Twenty-seven contestants in the cup for Majaheim camels alone were disqualified for having stretched body parts and 16 were ejected for having received injections, according to SPA.

The organisers of the pageant, the Camel Club, were cited as saying that they were "keen to halt all acts of tampering and deception in the beautification of camels" and promising to "impose strict penalties on manipulators".

They described how Botox was injected into camels' lips, noses, jaws and other parts of their heads to relax muscles; collagen fillers were used to make their lips and noses bigger; and hormones were given to boost muscle growth.
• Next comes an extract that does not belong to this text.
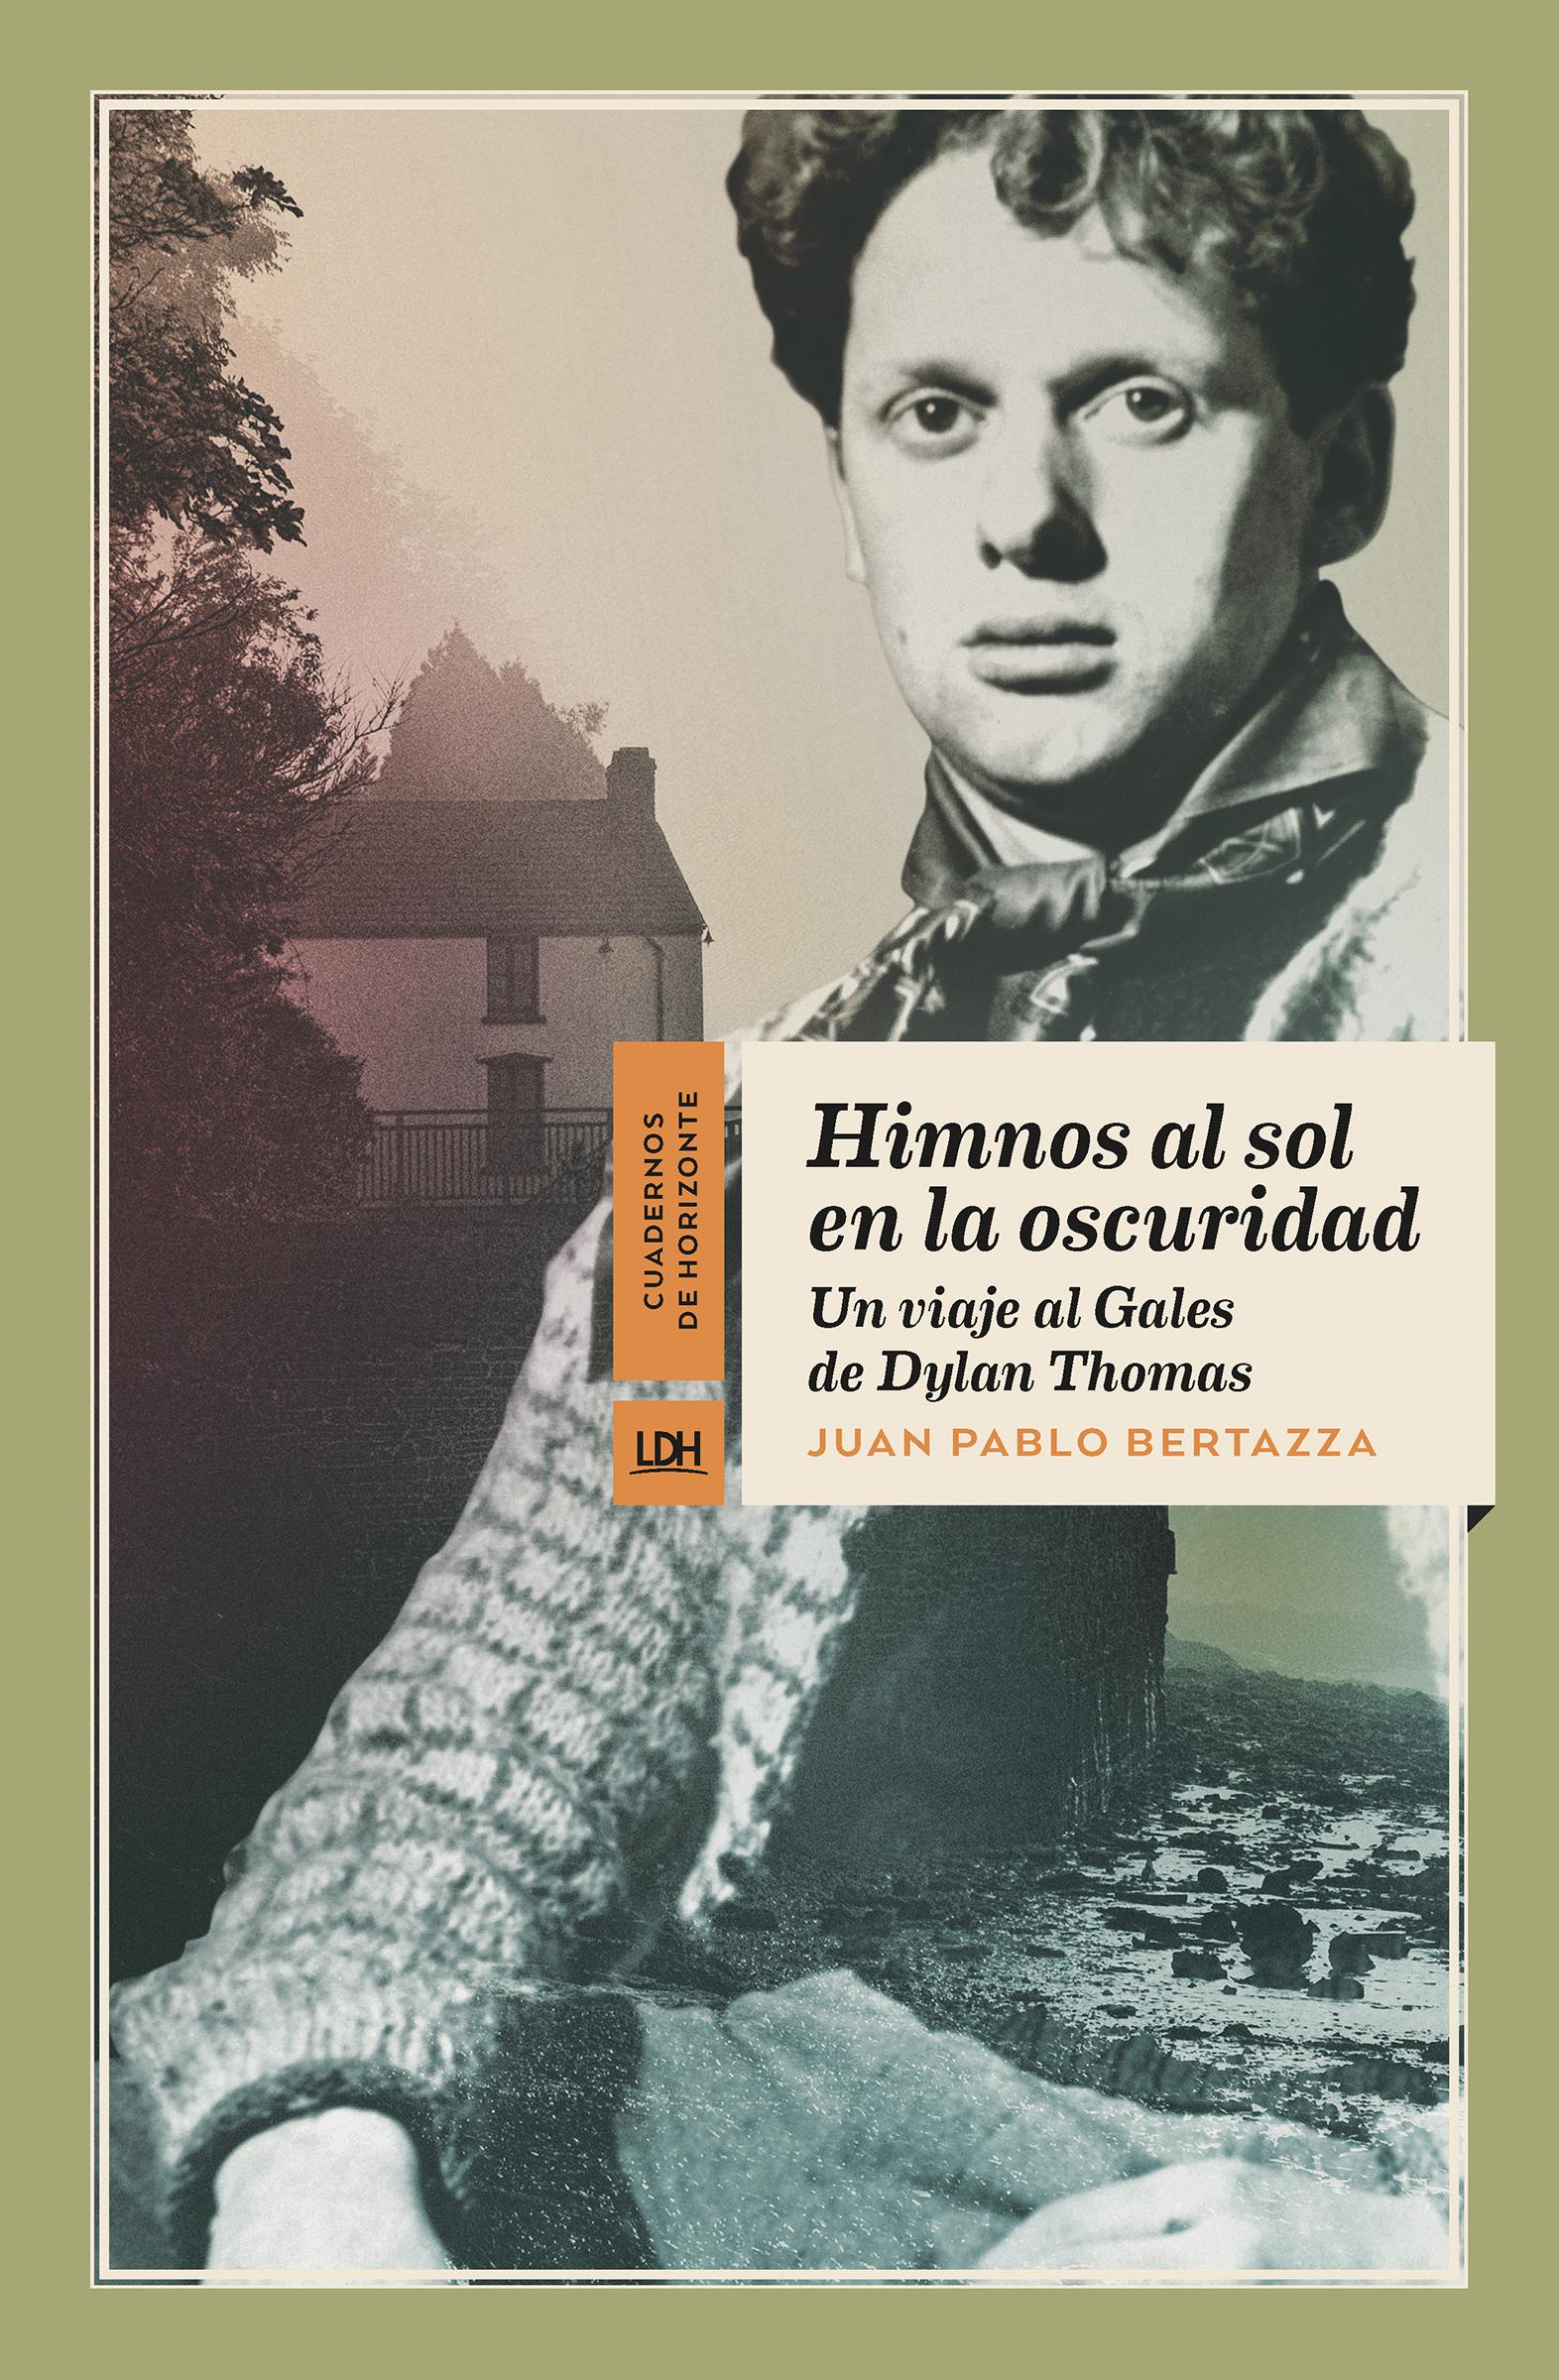 Himnos al sol en la oscuridad «Un viaje al Gales de Dylan Thomas»

Rubber bands were also used on animals to make body parts bigger than normal by restricting the flow of blood, they said.

Jason Baker, senior vice-president of animal rights group Peta Asia, described the beauty contest as a "cruel farce".

"Subjecting any animal to a cosmetic procedure, from ear cropping to declawing, dehorning, and filler injections, is hideously cruel and shows the humans who use such tactics to be extremely ugly," he said.

Mr Baker said animal welfare issues needed to be addressed throughout the Middle East and Asia, and called on Saudi authorities to crack down on any event that exploits or abuses animals.

Some 33,000 camel owners from as far away as the US, Russia and France are participating in the King Abdulaziz Camel Festival, which is the largest in the world and lasts 40 days.

As many as 100,000 tourists are also expected daily at the 32 sq km (12 sq mile) festival site, 100km (62 miles) north-east of the Saudi capital Riyadh.